Мирослав невольно задержал дыхание.
Слова легли тяжело, как будто холодный металл коснулся кожи. Дмитрий Николаевич говорил слишком спокойно, слишком обыденно для таких вещей. Он не предостерегал, не угрожал, даже не жалел. Он просто констатировал факт — точно уже видел это много раз.
— Но я хочу, чтобы у вас получилось, — добавил он после паузы, и эта фраза прозвучала почти неожиданно.
Мирослав поднял взгляд.
Впервые за весь разговор ему показалось, что Дмитрий Николаевич говорит искренне. Что за этим не скрывается ничего, кроме человеческого желания помочь. И это было странно. Странно — потому что в этом мире всё имело цену. Внимание, поддержка, доброта — всё имело свой вес, свою обратную сторону.
Мирослав медленно выдохнул, позволил себе слегка откинуться назад.
— Я ценю вашу поддержку. Правда.
Слова прозвучали легко, но на сердце вдруг стало тяжело.
— Но мне кажется, что я уже оказался в этой системе настолько, что выйти из неё будет трудно.
В этих словах было больше правды, чем он хотел бы признать.
Дмитрий Николаевич внимательно посмотрел на него.
— Трудно, но не невозможно, — сказал он почти тихо.
Эти слова прозвучали неожиданно мягко, но в них было что-то пророческое.
Мирослав почувствовал, как внутри что-то сжалось.
Эта система уже смыкалась вокруг него. Она уже приняла его в себя, вплела в свою ткань, как вплетает нить в узор — и теперь, даже если выдернуть, останется след, останется пустое место.
Но мог ли он всё ещё сделать шаг назад?
Или уже было поздно?
Он посмотрел на Дмитрия Николаевича, пытаясь понять — это простые слова или в них есть что-то ещё?

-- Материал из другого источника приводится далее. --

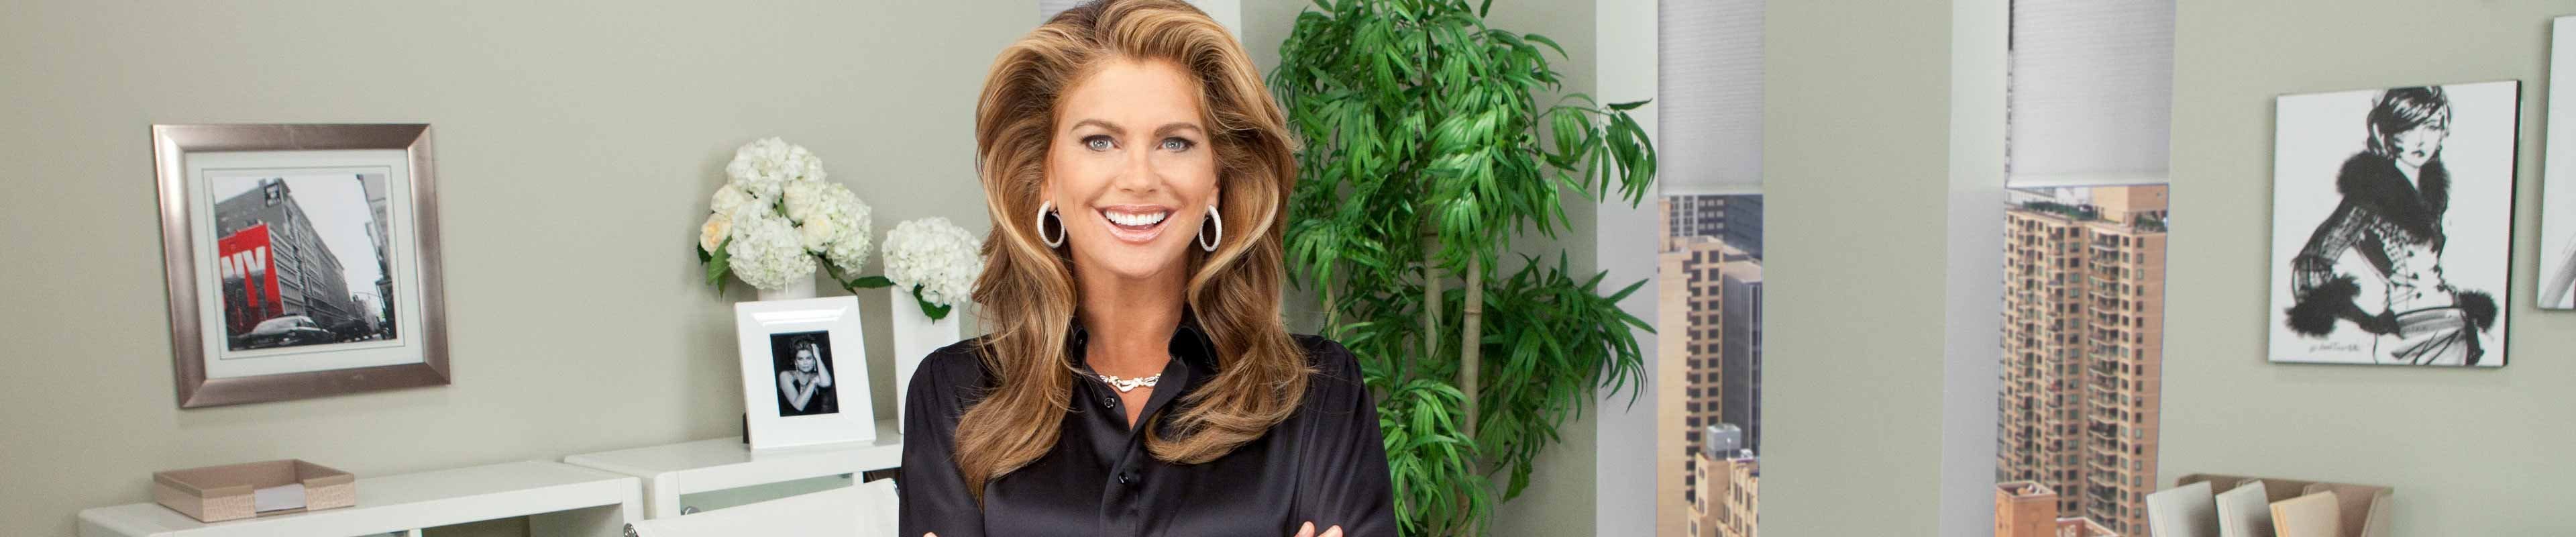 Kathy Ireland smiling in a room

Но старый врач только смотрел в ответ — выжидающе, оценивающе.
Мирослав не мог понять, надеется ли тот, что он найдёт выход. Или уже знает, что выхода нет.
Мирослав медленно провёл ладонью по краю стола, чувствуя под пальцами тёплую шероховатость древесины. На мгновение он задержал этот жест, словно хотел что-то сказать, но передумал. В этом разговоре было что-то неуловимо важное — не просто слова, не просто обмен репликами, но некий скрытый смысл, который пока ускользал, оставаясь на грани осознания.
Дмитрий Николаевич смотрел на него спокойно, но за этой внешней невозмутимостью скрывалось нечто большее — может быть, ожидание, может быть, молчаливое понимание. Это был тот редкий случай, когда человек не торопит, не давит, но даёт пространство, позволяя сделать шаг самому.
Мирослав понял, что Дмитрий Николаевич не враг. Возможно, он даже союзник. Или, по крайней мере, тот, кто не станет вставлять палки в колёса.
Он медленно встал, движением, не лишённым определённой решительности, но в то же время осторожности, будто проверял, насколько твёрда эта земля, по которой он ступал.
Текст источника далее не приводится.